**Action item**
Once the line holding "Our range of" is found in the entries below, transcribe exactly every line up to and including the one holding "blackeryarns.co.uk/yarn-on-cone/", but leave out the pictures.

**Records to process**
--*--

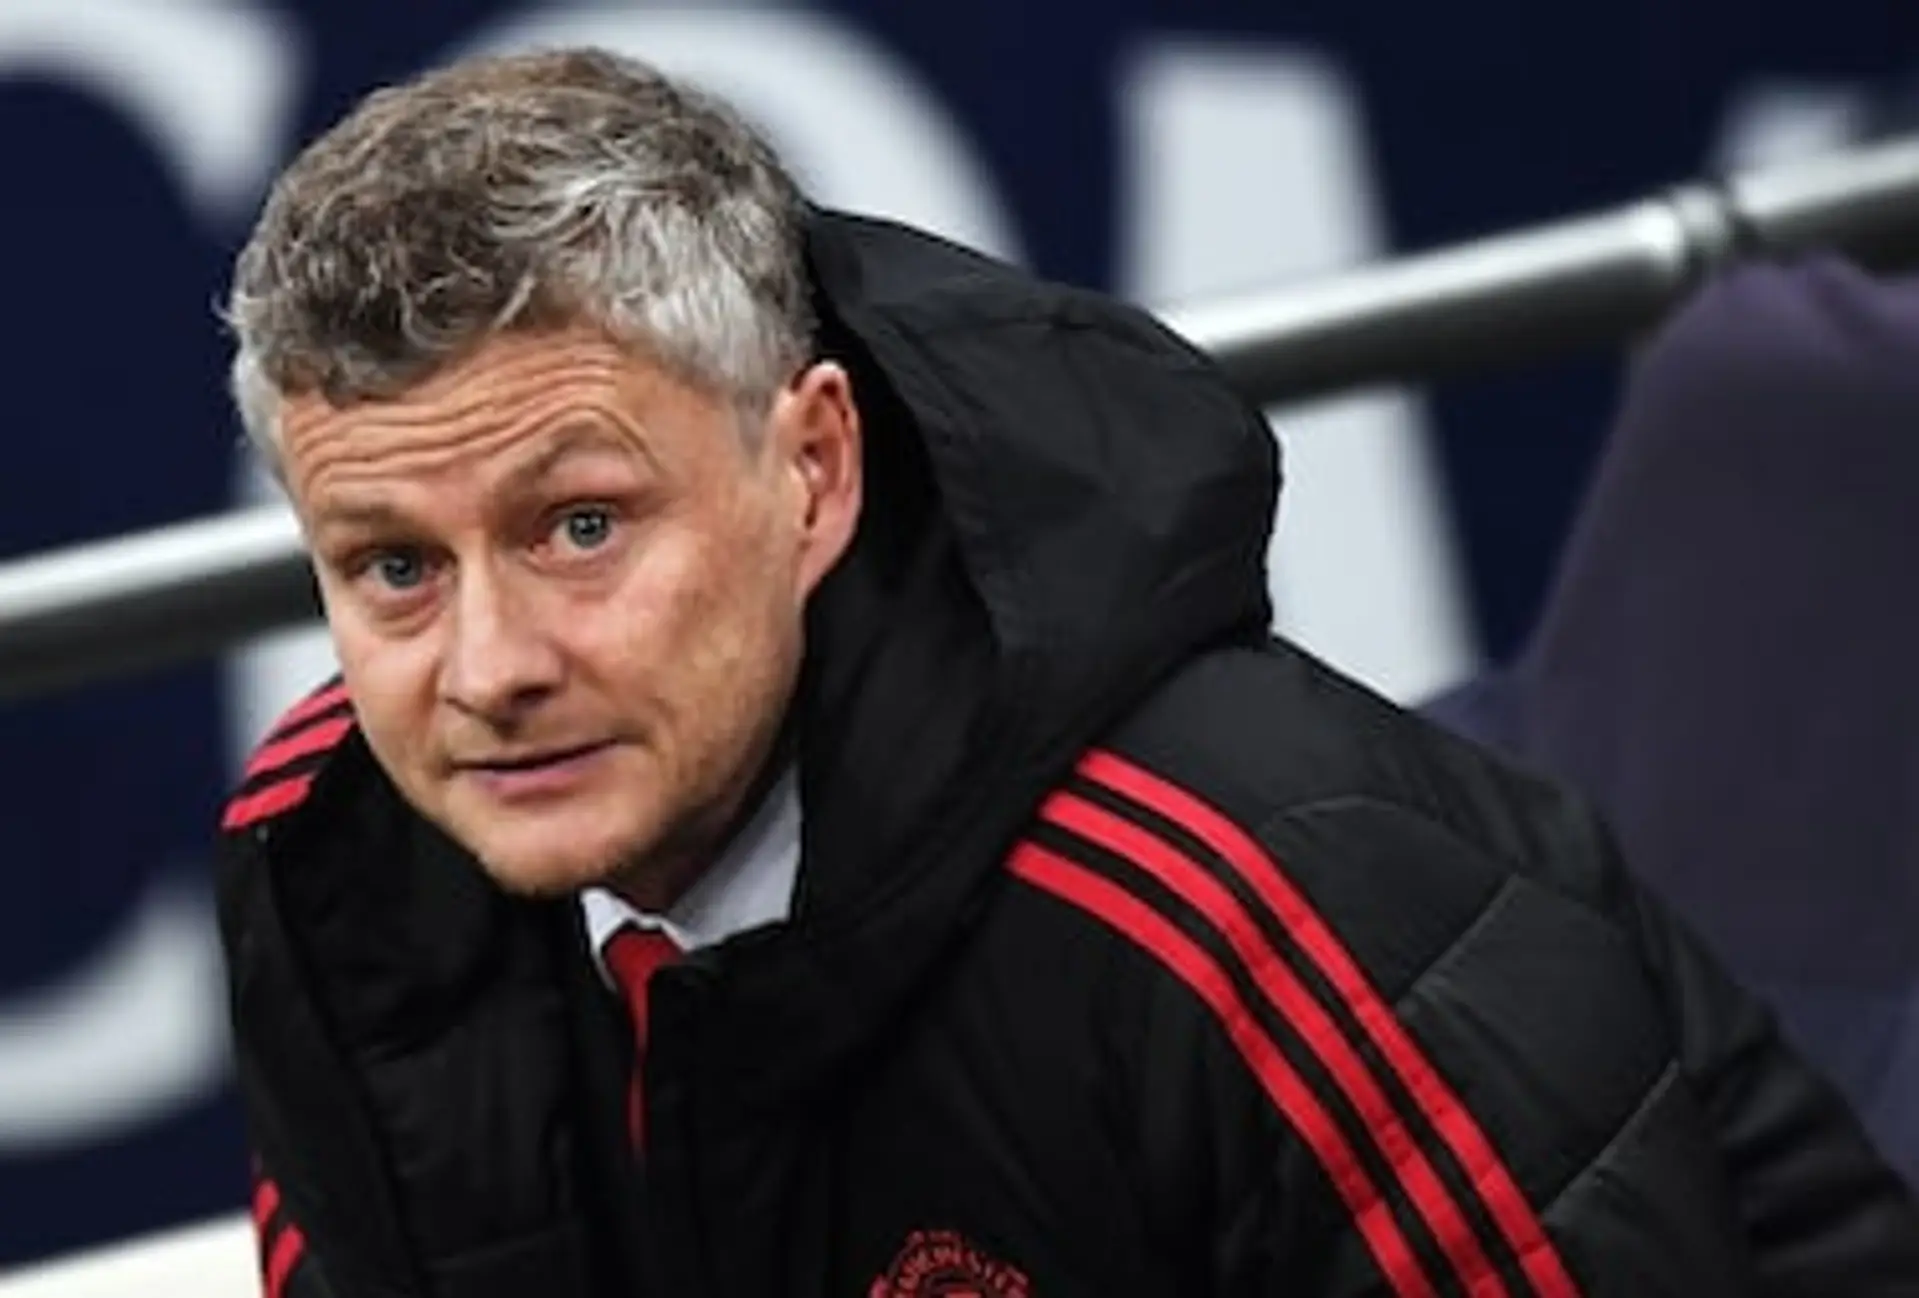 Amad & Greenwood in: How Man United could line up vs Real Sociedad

--*--

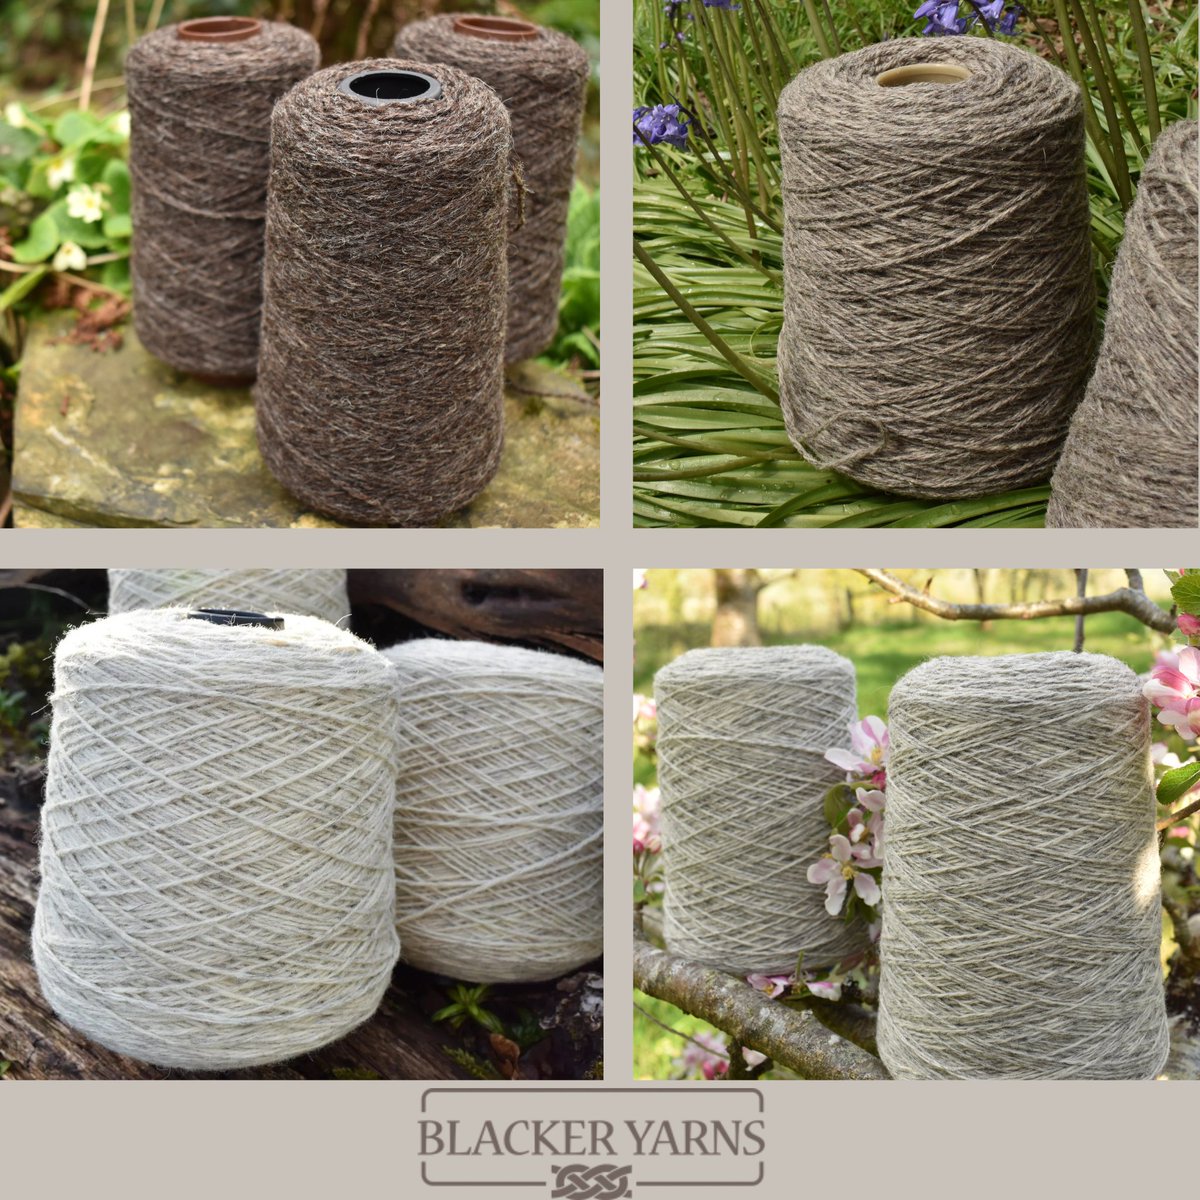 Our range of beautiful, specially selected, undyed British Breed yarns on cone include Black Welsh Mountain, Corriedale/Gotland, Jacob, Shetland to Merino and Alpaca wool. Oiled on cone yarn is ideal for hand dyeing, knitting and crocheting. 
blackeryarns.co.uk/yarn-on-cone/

--*--

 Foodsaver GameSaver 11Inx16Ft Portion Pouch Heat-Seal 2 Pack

--*--

**Task answer**
 Our range of beautiful, specially selected, undyed British Breed yarns on cone include Black Welsh Mountain, Corriedale/Gotland, Jacob, Shetland to Merino and Alpaca wool. Oiled on cone yarn is ideal for hand dyeing, knitting and crocheting. 
blackeryarns.co.uk/yarn-on-cone/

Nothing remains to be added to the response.